Image to text and chatbot are two examples of possible possibilities. We require an optical character recognition (OCR) model to recognize text from an image, but OCR generates some inaccuracies, such as detecting “o” and “0.” Despite the fact that most applications come with word correction, there are still typos in chatbots. To get around this, you may let your model view the alternative outcomes before predicting them online.

Keyboard

Augmenter that applies typo error simulation to textual input.

import nlpaug.augmenter.char as nac

test_sentence = 'I went Shopping Today, and my trolly was filled with Bananas. I also had food at burgur palace'

aug = nac.KeyboardAug(name='Keyboard_Aug', aug_char_min=1, aug_char_max=10, aug_char_p=0.3, aug_word_p=0.3, 
                      aug_word_min=1, aug_word_max=10, stopwords=None, tokenizer=None, reverse_tokenizer=None, 
                      include_special_char=True, include_numeric=True, include_upper_case=True, lang='en', verbose=0, 
                      stopwords_regex=None, model_path=None, min_char=4)
 
test_sentence_aug = aug.augment(test_sentence)
print(test_sentence)
print(test_sentence_aug)

Here, what is happening is, it will replace characters by keyboard distance. That is, ‘n’ will get replaced with ‘m’. This is because, ‘n’ is closer to ‘m’ in the keyboard, so the augmenter check for the distance between two characters. In the same way, it replaced ‘o’ with ‘(‘.

Optical Character Recognition (OCR)

Augmenter that applies OCR error simulation to textual input.
For example, OCR may recognize ‘I’ as ‘1’ incorrectly, or ‘0’ as ‘o’ or ‘O’.
Pre-defined OCR mapping is leveraged to replace a character with a possible OCR error.
Solving the out of vocabulary (OOV) problem, that is Out of vocabulary words are words that are not in the training set, but appear in the test set, real data.
The main problem is that the model assigns a probability zero to out of vocabulary words resulting in a zero likelihood.
- This is a common problem, especially when you have not trained on a smaller data set.
- So, to overcome this we can use models like BERT and GPT (Generative Pre-trained Transformer models).

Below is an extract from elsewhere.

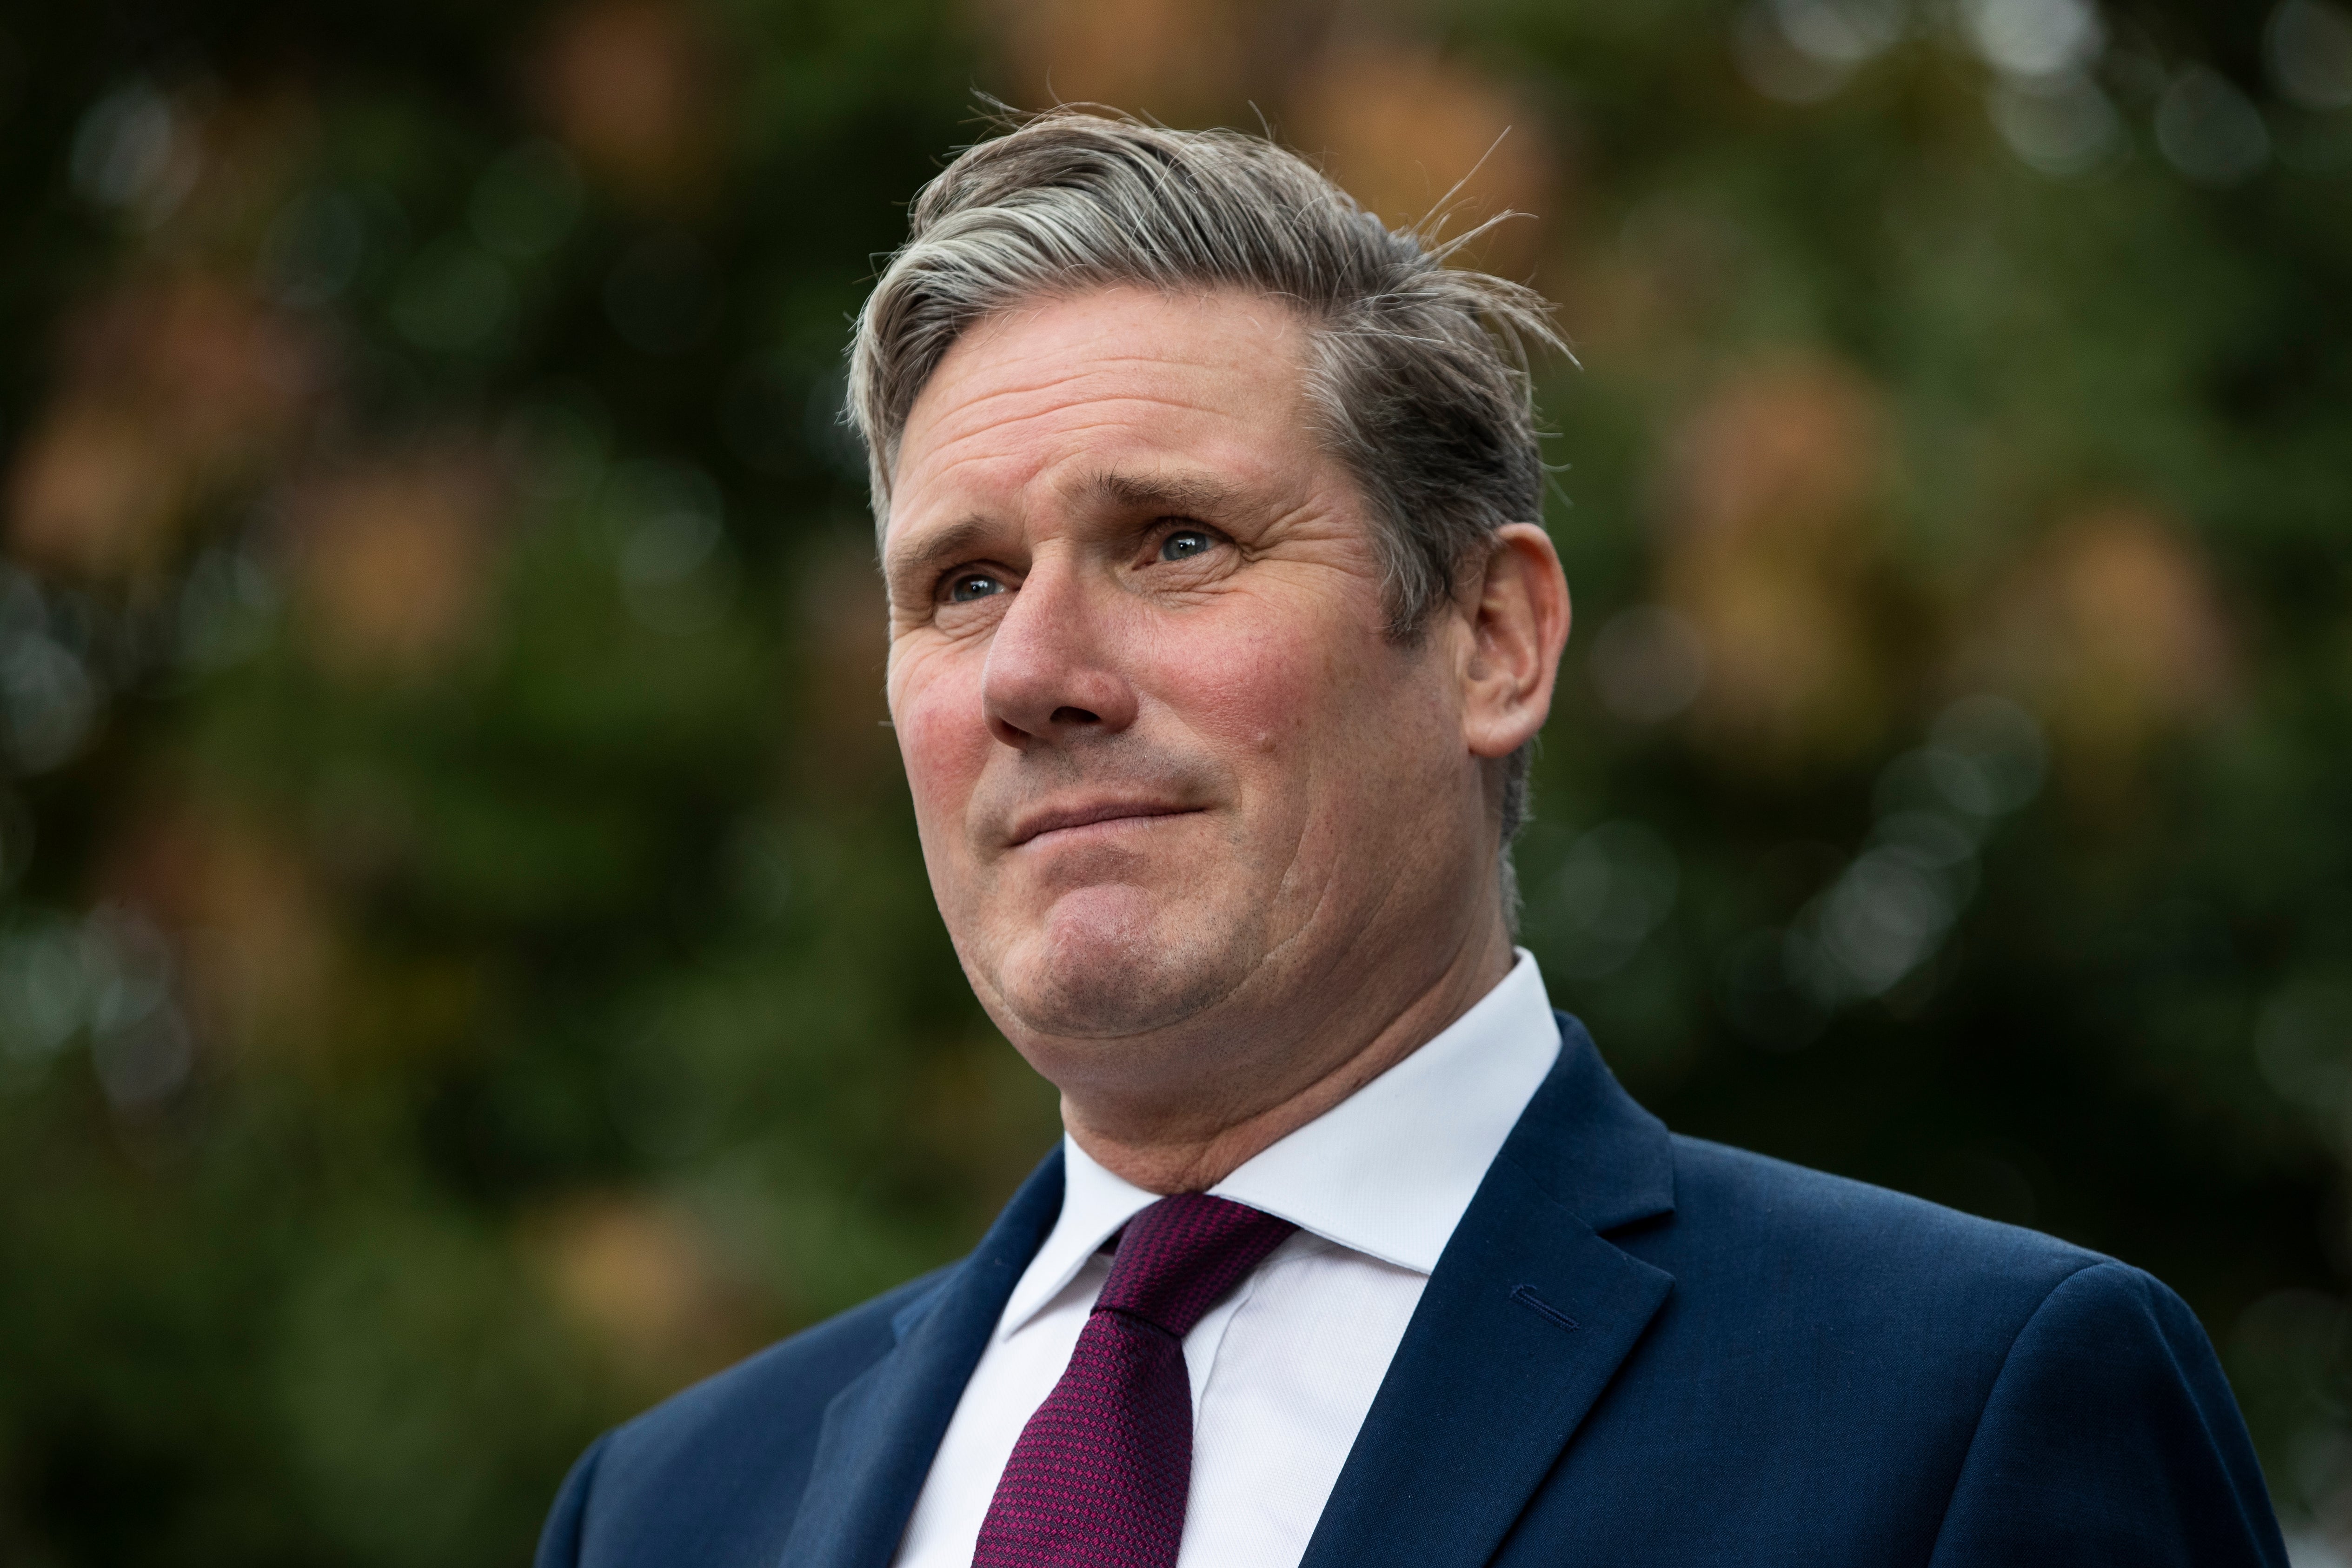 Keir Starmer responds to PM's conference speech
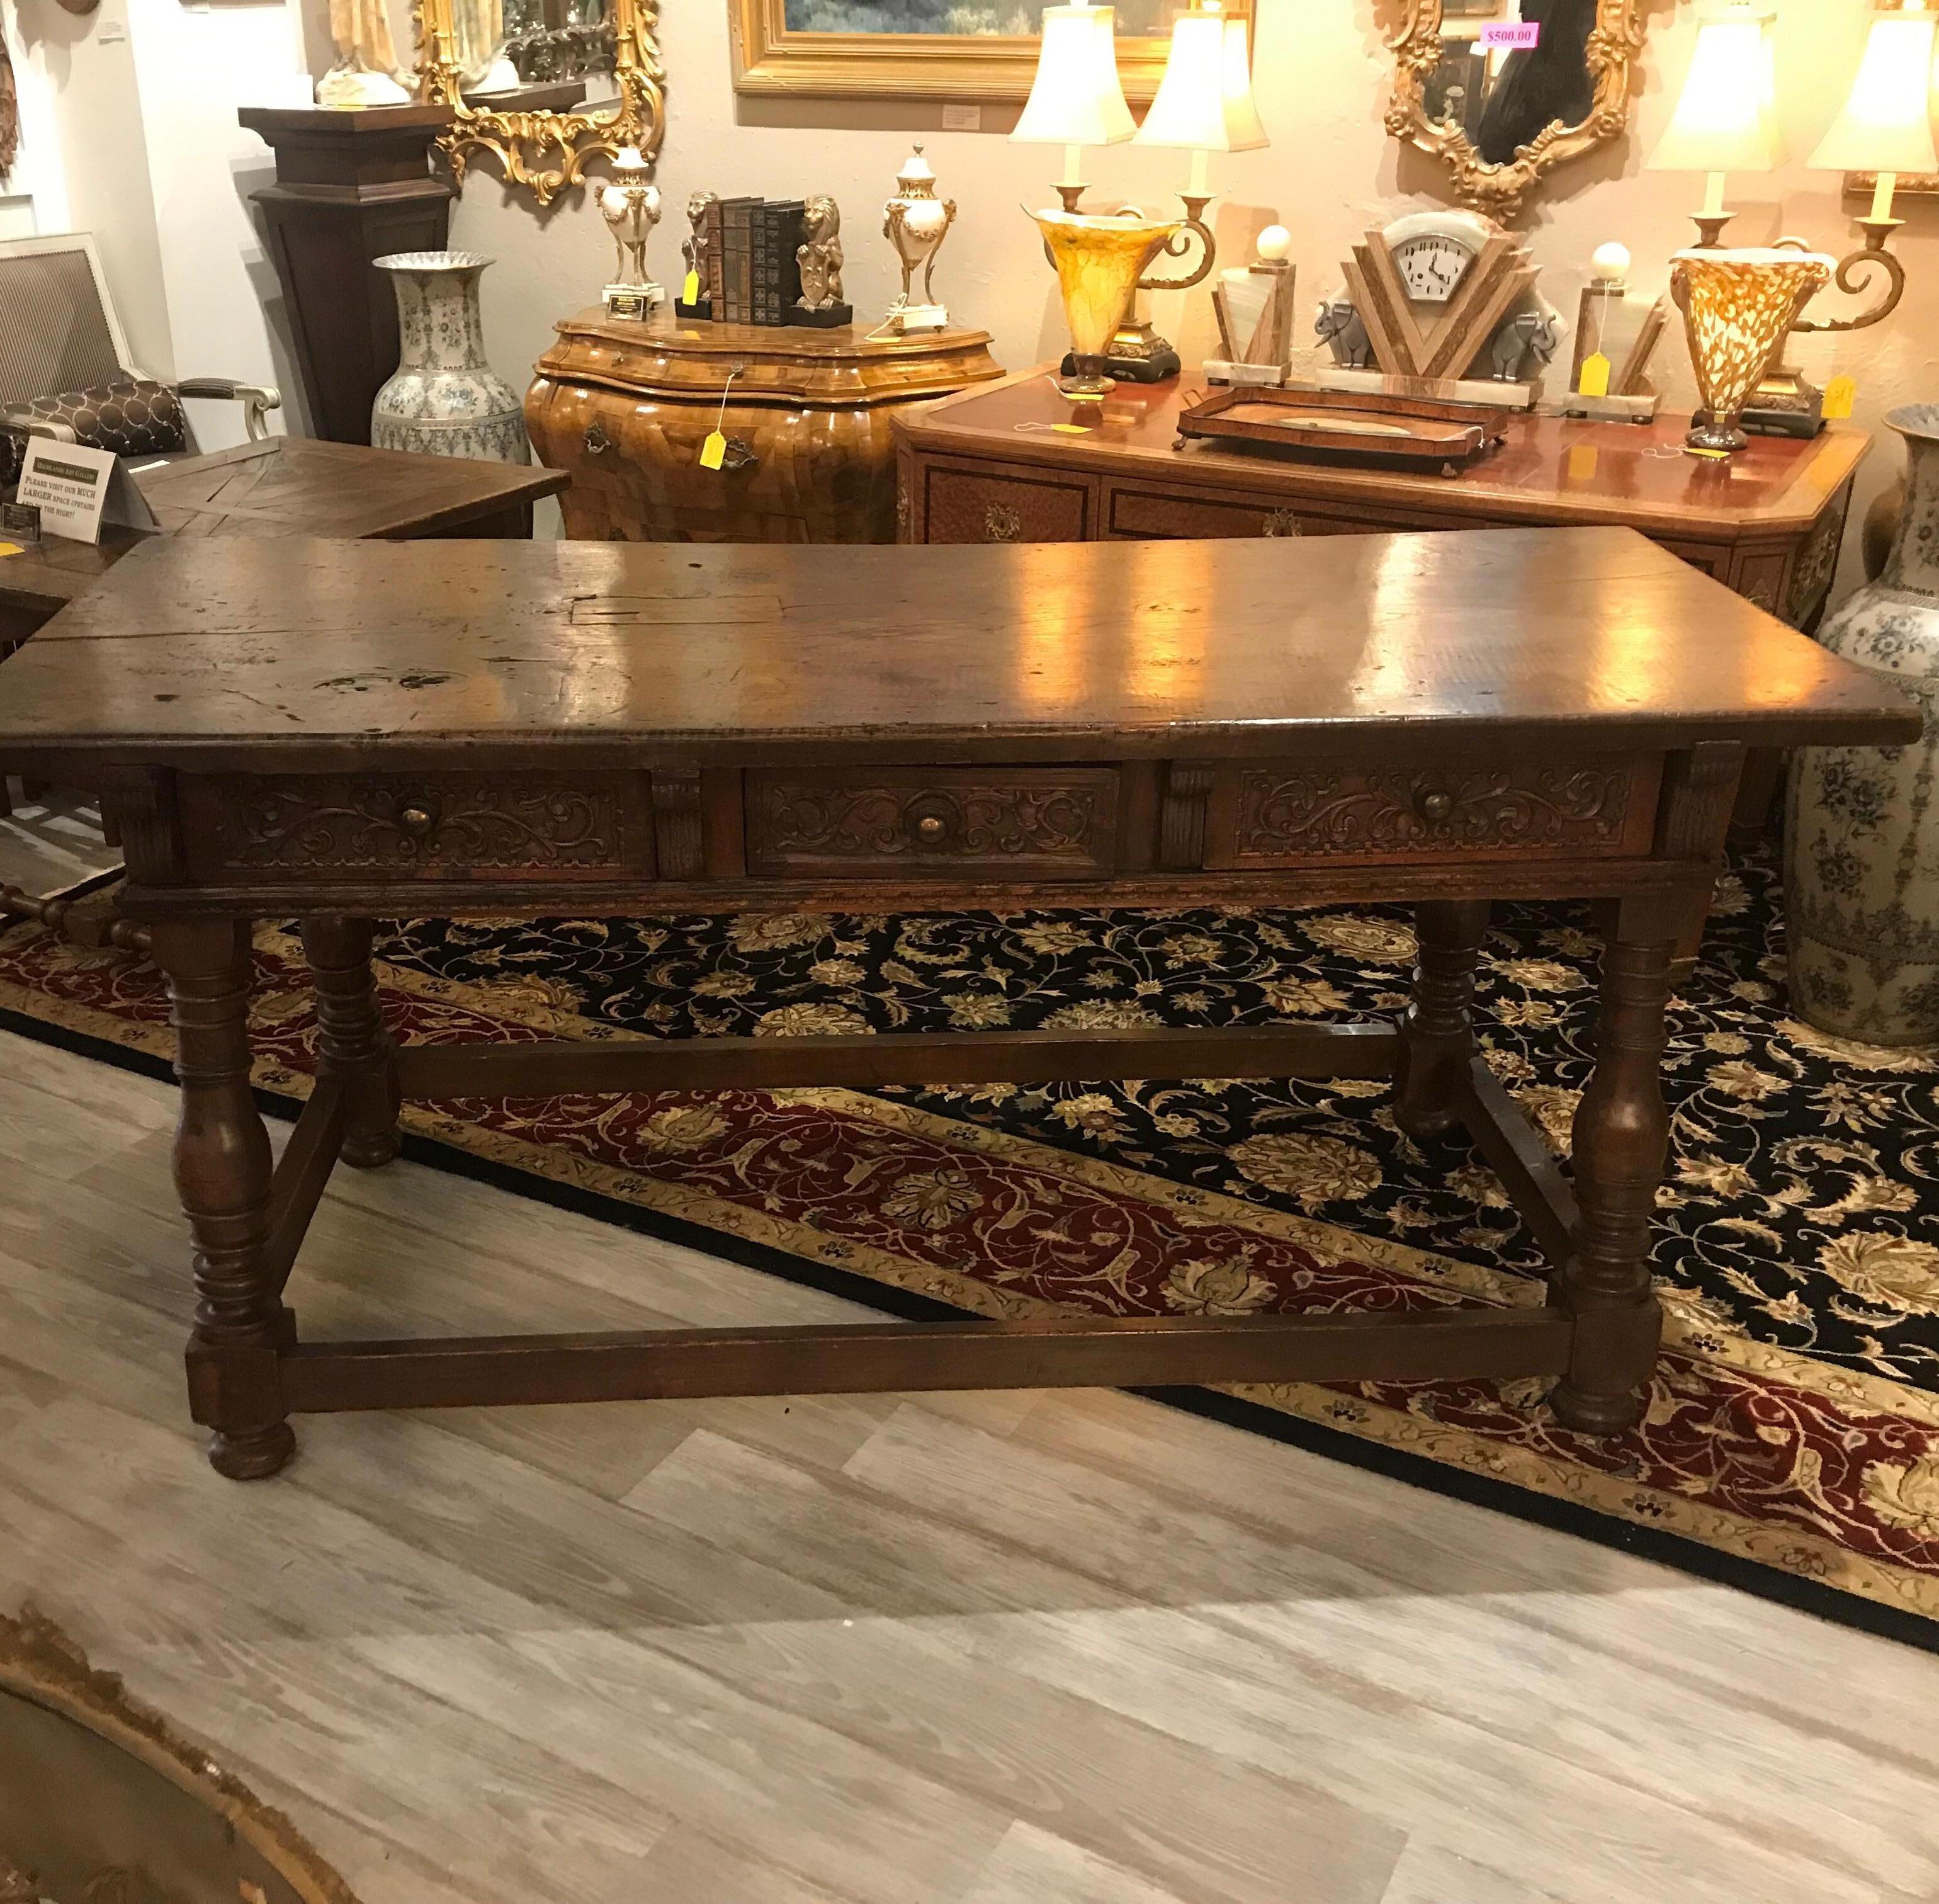 Remarkable late 17th century Italian pub or wine tasting table with three hand carved drawers. The finish has been French polished but still preserves the centuries of use and wear that makes this table truly one of a kind. There are old repairs and

Output: I Went Shopping T0day, And My Tr0l1ey was filled with Bananas. I also had food at a burgek place

Here, as you can see, ‘o’ got replaced with ‘0’, ‘l’ with ‘1’, ‘r’ with ‘k’, and so on.

Random

Augmenter that applies random character error to textual input

Output: I Went ShoF0ing Today, And My Troagey was filled wiVh Bananas. I also had %ood at a curger placD

Word Level Augmentation

Aside from character enhancement, word-level is also crucial. To insert and substitute equivalent words, we use word2vec, GloVe, fast text, BERT, and wordnet. Word2vecAug, GloVeAug, and FasttextAug use word embeddings to replace the original word with the most equivalent set of words.

Synonym

Augmenter that applies semantic meaning based on textual input.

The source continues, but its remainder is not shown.